• [Extracted records]
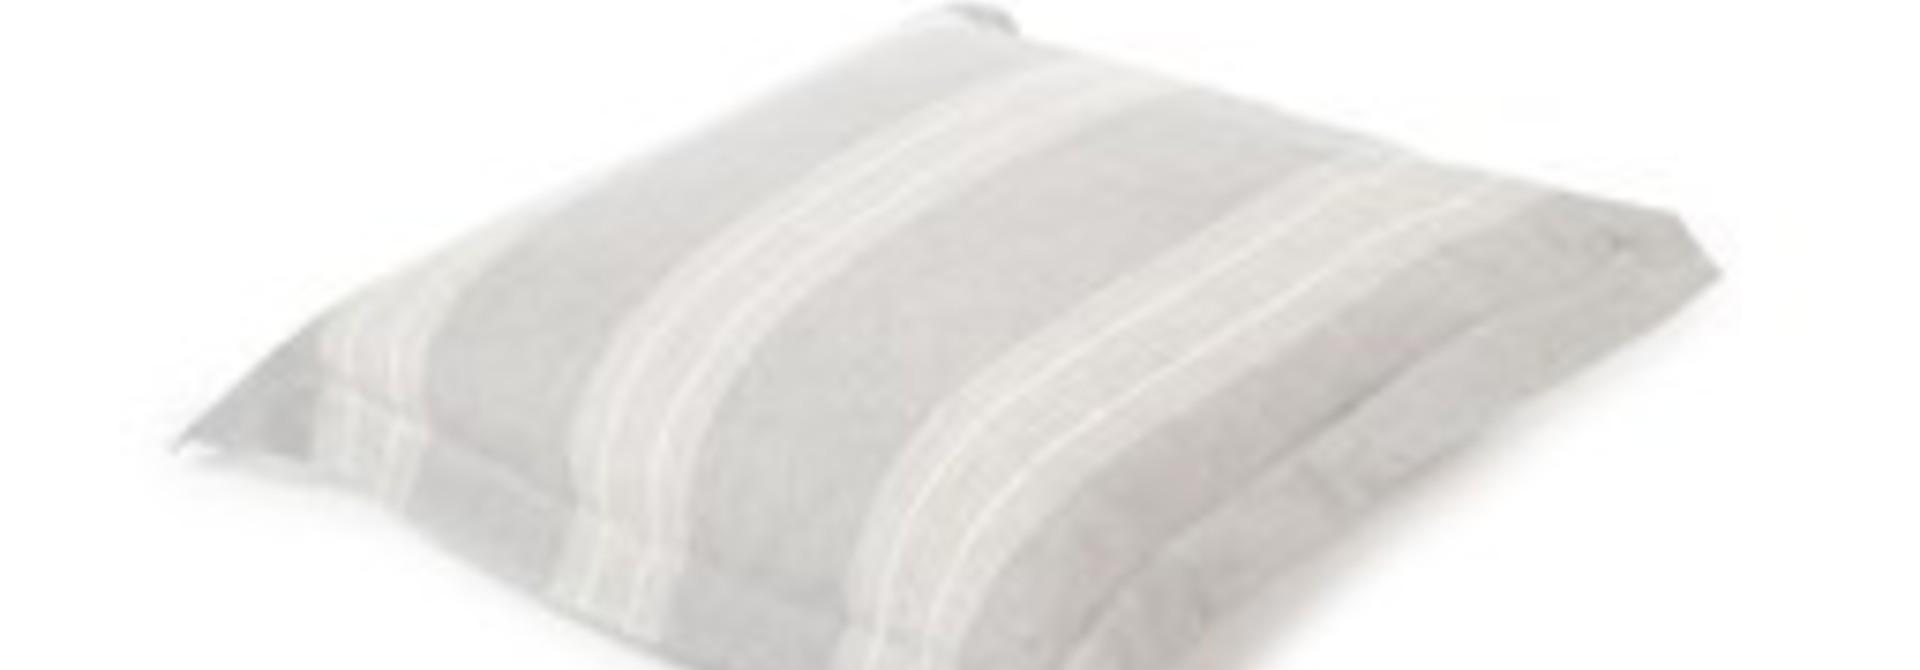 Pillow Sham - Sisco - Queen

--

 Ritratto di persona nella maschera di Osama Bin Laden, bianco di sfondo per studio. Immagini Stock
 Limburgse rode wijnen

• [Your task] Once you reach the line with "Ritratto di persona" in the data above, copy it and every line after it exactly, up to and including the line with "Limburgse rode wijnen".

• [Result below]
 Ritratto di persona nella maschera di Osama Bin Laden, bianco di sfondo per studio. Immagini Stock
 Limburgse rode wijnen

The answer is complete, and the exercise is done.